Kevin: Lotti and Peavy are great choices and were obviously a huge part of securing the win in Evanston, but I’ll go with Mr. Reliable, Corey Clement. He fought for every yard in this game, consistently ran for positive yards, and put Hornibrook in a position to convert on third-and-short on a number of occasions. As Montee Ball and Melvin Gordon have been in years past, Clement is the backbone of Wisconsin’s offense and has been a reliable and consistent back all season.
Next Up: Illinois. Homecoming week for the Badgers, and what are the keys against an Illini squad that defeated Michigan State on Saturday?
Owen: RUN THE BALL. Illinois has two pass rushers, especially Duwuane Smoot, who are legitimate NFL prospects. Pairing them with defensive tackle Chunky Clements, Wisconsin has to look to stay away from third-and-longs. Defensively, Illinois likes to spread you out, so a premium will be put on open-field tackling.
Jon: Man, Sparty is in dire straights this year. I would like to see the Badgers jump on Illinois quickly. The defense has had a lot of pressure on it the past few weeks and it would be nice if the offense could put some points up early. The Illini are giving up nearly 30 points a game and averaging around 23 per game on offense.
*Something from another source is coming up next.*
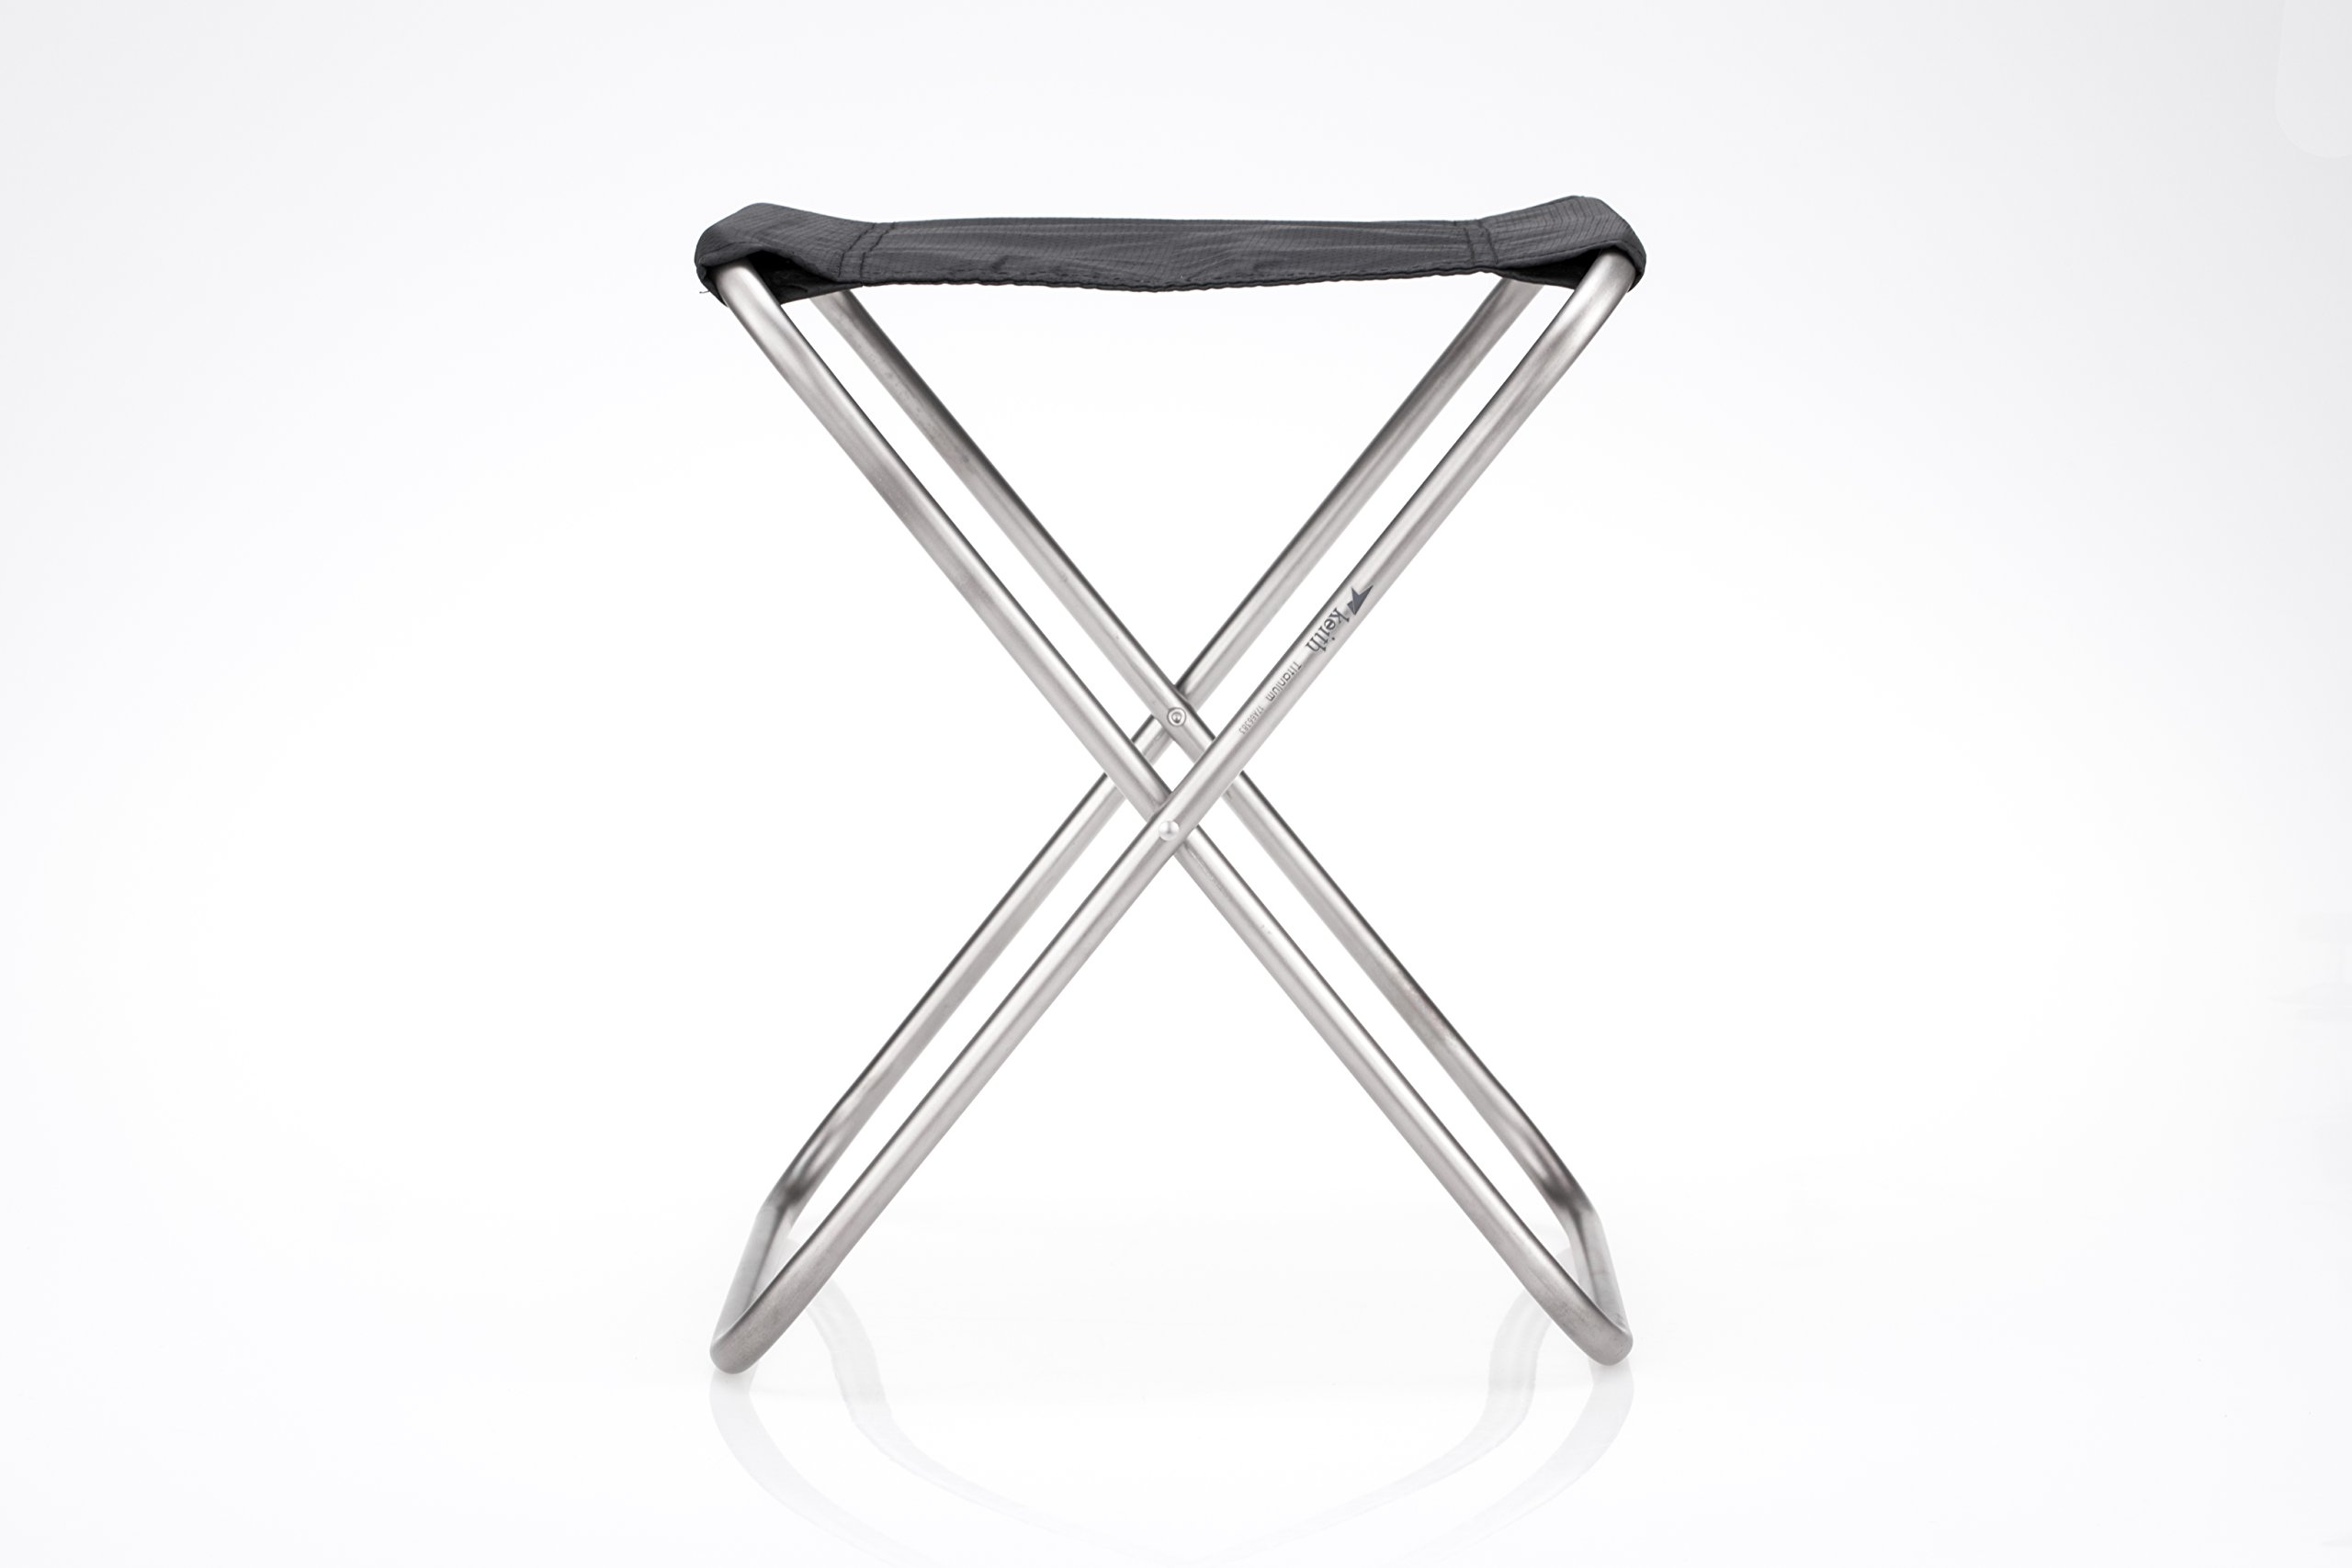 Keith Titanium Ti2501 Folding Stool by Keith Titanium

If Wisconsin can get up double-digits in the first half, I don’t think this Illinois team is going to be able to catch up.
Kevin: The Badgers have done a pretty good job of limiting turnovers this year and that needs to continue against Illinois. The only way Wisconsin loses this game is if Hornibrook throws a couple interceptions or a fumble or two swings momentum and gives the Illini a short field. T.J. Watt, Vince Biegel and co., should suffocate an Illinois offense that is ranked 102nd in points per game and 122nd in yards per game. So it’s up to the offense to move the ball and limit mistakes against an Illini defense that, as Owen mentioned, has some impressive talent up front.